The supporting cast of The Man Who Shot Liberty Valance is populated with some delightful performances. Andy Devine is a riot as Marshall Link Appleyard, a sweet but inefficient lawman that does his best to keep law and order within the small town. His character is both annoying and lovable, and Devine is such a warm presence. Vera Miles plays Hallie, the female love interest of both characters. Initially, I thought she was a bit wasted and served as more of a plot device, but upon further inspection, I saw that she was actually a lot more complex than a simple love interest. She was tough and independent, and fascinating. Her chemistry with Wayne and Stewart was electric, and she did a fantastic job of creating a memorable character with what she was given. What I expected to be an afterthought of a character actually turned into a pretty complex one.

Putting personal feelings aside, there is no doubt that John Ford was highly influential. The Searchers is a masterpiece of classical filmmaking, and as Martin Scorsese said, a film that influenced each and every film that came after it. In one of their last collaborations, Ford and Wayne bring out the best in each other. Ford creates a film with characters quite different from previous films he made with Wayne, who in turn gives a performance that brought out the true complexities of the film Ford was trying to make. It is a film much darker in tone and intention than the feel-good The Searchers. It is a film that is undeniably bleak, but still quite funny and entertaining.

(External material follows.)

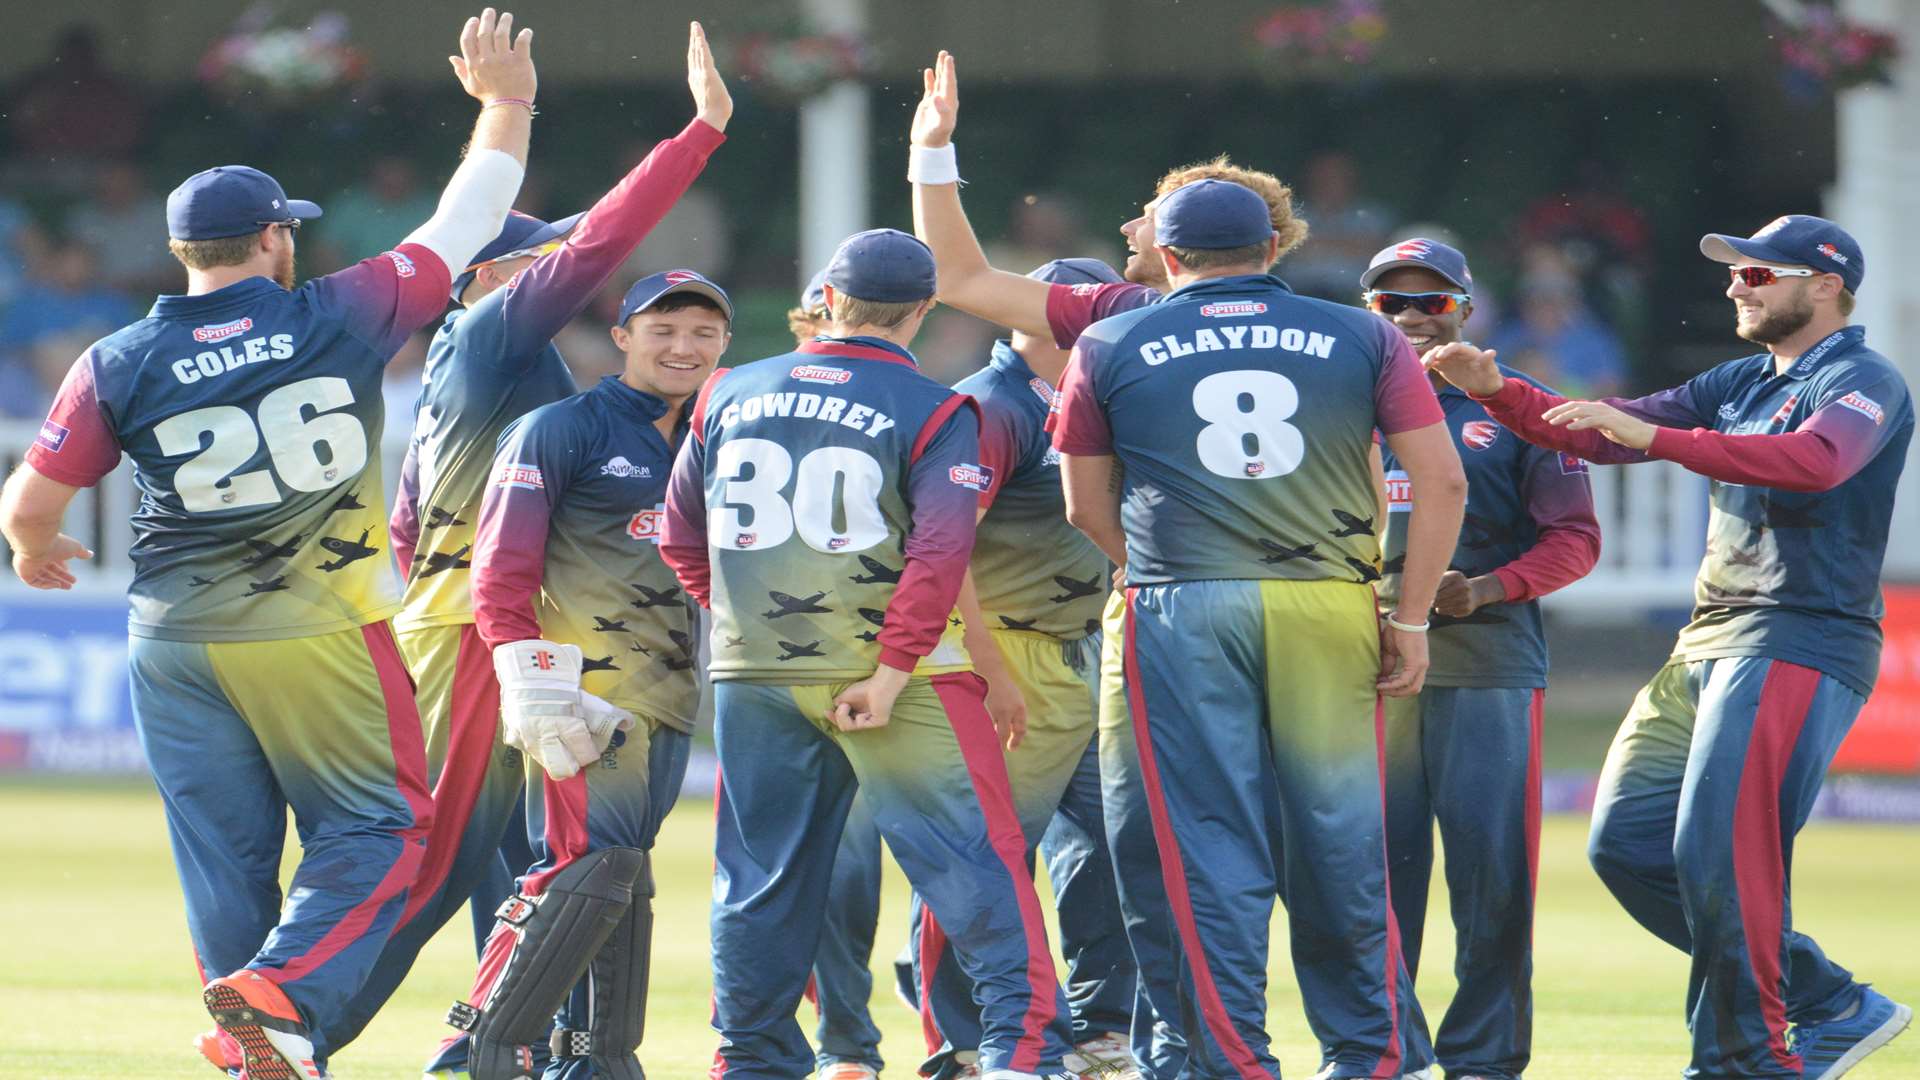 Kent celebrate a wicket against Essex in the NatWest T20 Blast Picture: Gary Browne

The Man Who Shot Liberty Valance was boldly shot in black-and-white, which instantly told me that this was going to be a very different kind of Western. Rather than being set in wide-open fields and prairies, it was rather filmed in claustrophobic alleys and small rooms, creating a sense of paranoia. The true fear the characters feel towards Liberty Valance is brought up in the fact that this film takes place in a small town, and the simplicity of the filmmaking, combined with the genuine fear provided by the wonderful actors, gives it an added boost of brilliance. It is simply made, but it is far more complex. I thought the framing of this film was genius, and it saw Ford doing some of his most audacious work. Truly magnificent in how it handles its story, creating something genuinely thrilling.

The Man Who Shot Liberty Valance is a great film. It is serious, but has a lovely sense of humor and a warm-hearted nature. Wayne, Stewart and Marvin are wonderful, and the film itself is far different from a lot previously made in the genre. It isn’t a film that a lot can be said about it, but it is certainly an entertaining, but still very complex, piece of cinema that is a great addition to the canon of great Western films. It deserves its status as a classic of the genre, because it really is wonderful.